- Born: Lydia Shtimerman 30 April 1944 Saratov, Russia
- Died: 9 December 2014 (aged 70) London, England, United Kingdom
- Occupation: Violinist
- Children: 1

= Lydia Mordkovitch =

Russian violinist (1944–2014)

Lydia Mordkovitch (née Shtimerman; 30 April 1944 – 9 December 2014) was a Russian violinist.

Lydia was born in Saratov, Russia, on 30 April 1944. She returned with her parents to Kishinev after the war. In 1960, she moved to Odesa, where she studied at the Stolyarsky School of Music until 1962, with Veniamin Mordkovitch (whose son she would marry). She then moved to Moscow where she studied at the Tchaikovsky Conservatory under David Oistrakh, later serving as his assistant from 1968 to 1970. During this period, she married and had a daughter, and won the National Young Musicians Competition in Kiev in 1967 and the Marguerite Long-Jacques Thibaud Competition in Paris in 1969.

In 1970–73, she studied at the Institute of Arts. She taught at the Israeli Academy of Music in Jerusalem in 1974–79, when she made her first appearance in the UK with the Hallé Orchestra. She settled permanently in the UK in 1980. Her marriage ended during this period. Her United States debut was in 1982 with Georg Solti and the Chicago Symphony Orchestra, when she performed the Glazunov Violin Concerto.

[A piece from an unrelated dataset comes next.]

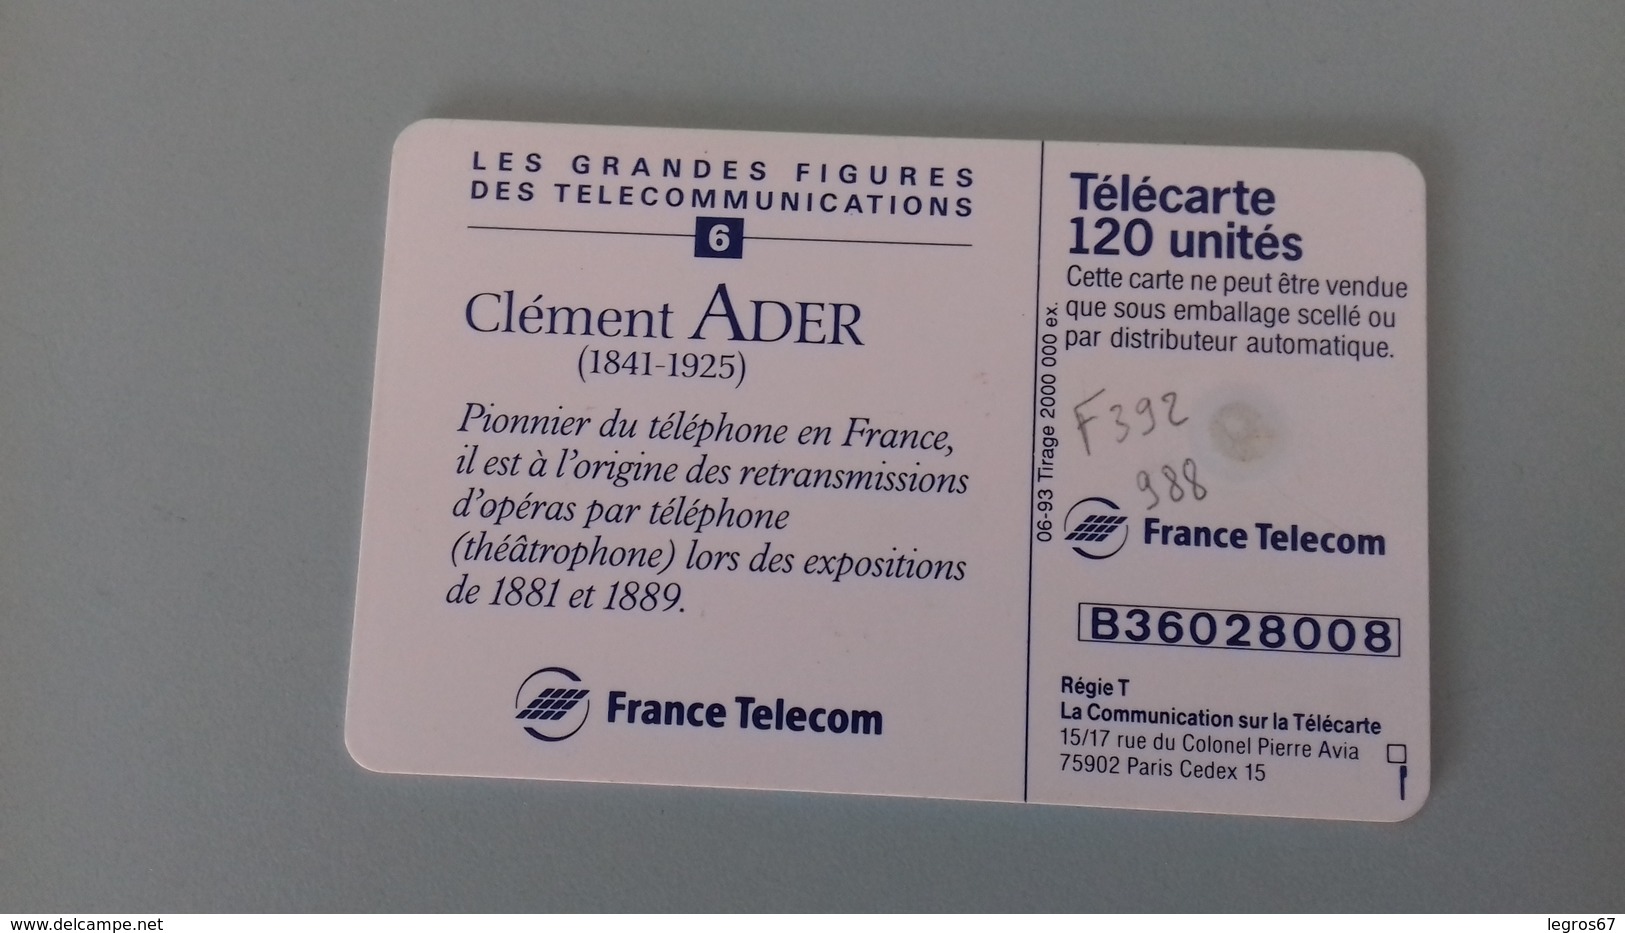 TELECARTE F 392 988 - ADER FIGURES TELECOM 6 - 120 Unidades

Mordkovitch recorded for RCA Red Seal and Chandos. Her Chandos debut recording included sonatas by composers such as Prokofiev, Schumann, and Richard Strauss. She was featured in over 60 recordings for Chandos, including works of J. S. Bach, Ami Maayani, Shostakovich and English composers such as Bax, Alwyn, Bliss, Howells, and John Veale.

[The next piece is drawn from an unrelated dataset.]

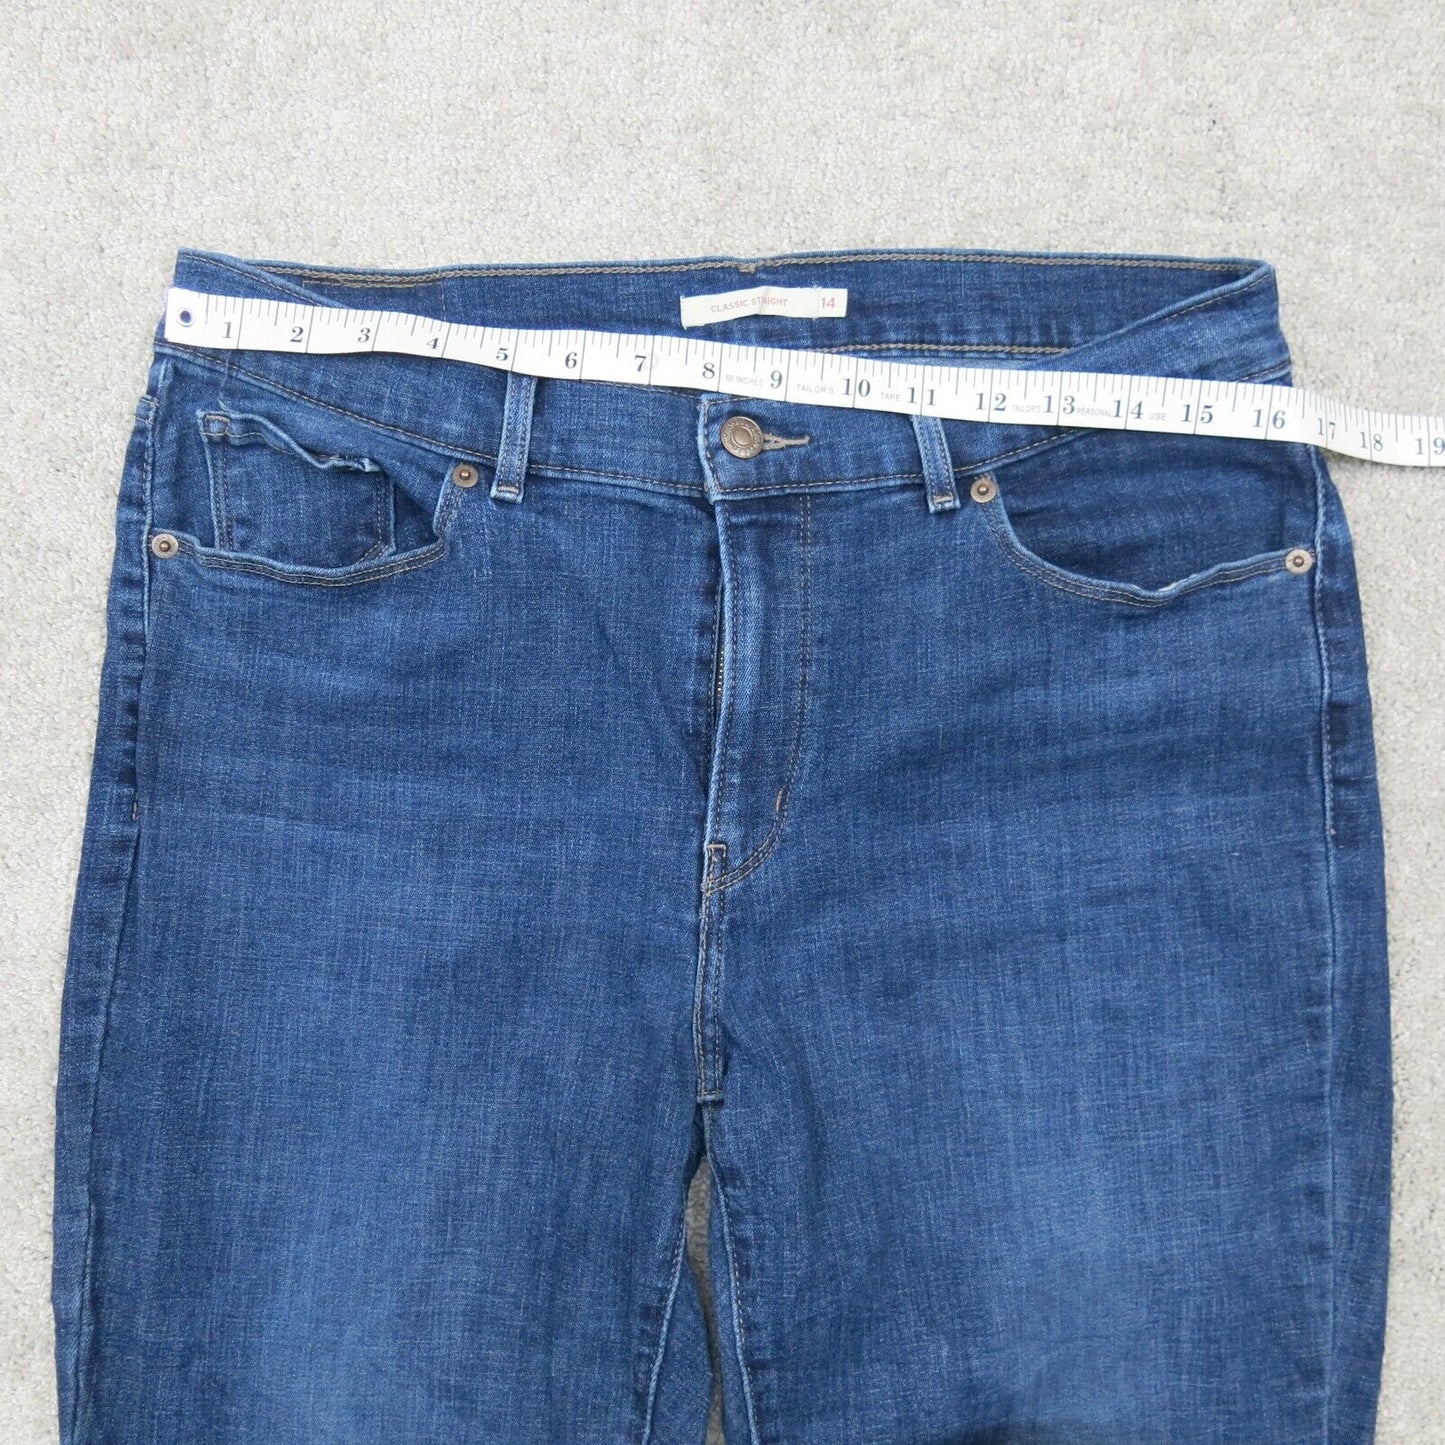 Levis Mens Classic Straight Leg Jeans Mid Rise Cotton Pockets Blue Size W32XL30

Her Chandos recording of the violin concertos of Shostakovich won a Gramophone Award in 1990. She made numerous recordings with the conductor Neeme Järvi but plans to record the long-awaited Tchaikovsky Concerto were not realised. Mordkovitch became a professor at the Royal Academy of Music in London in 1995 as a specialist in Russian music.

==Death==
Mordkovitch died of cancer in London on 9 December 2014, aged 70. She was survived by her daughter Ilana Mordkovitch-Roos, a pianist, and granddaughters Juliette Roos and Tatjana Roos, both violinists.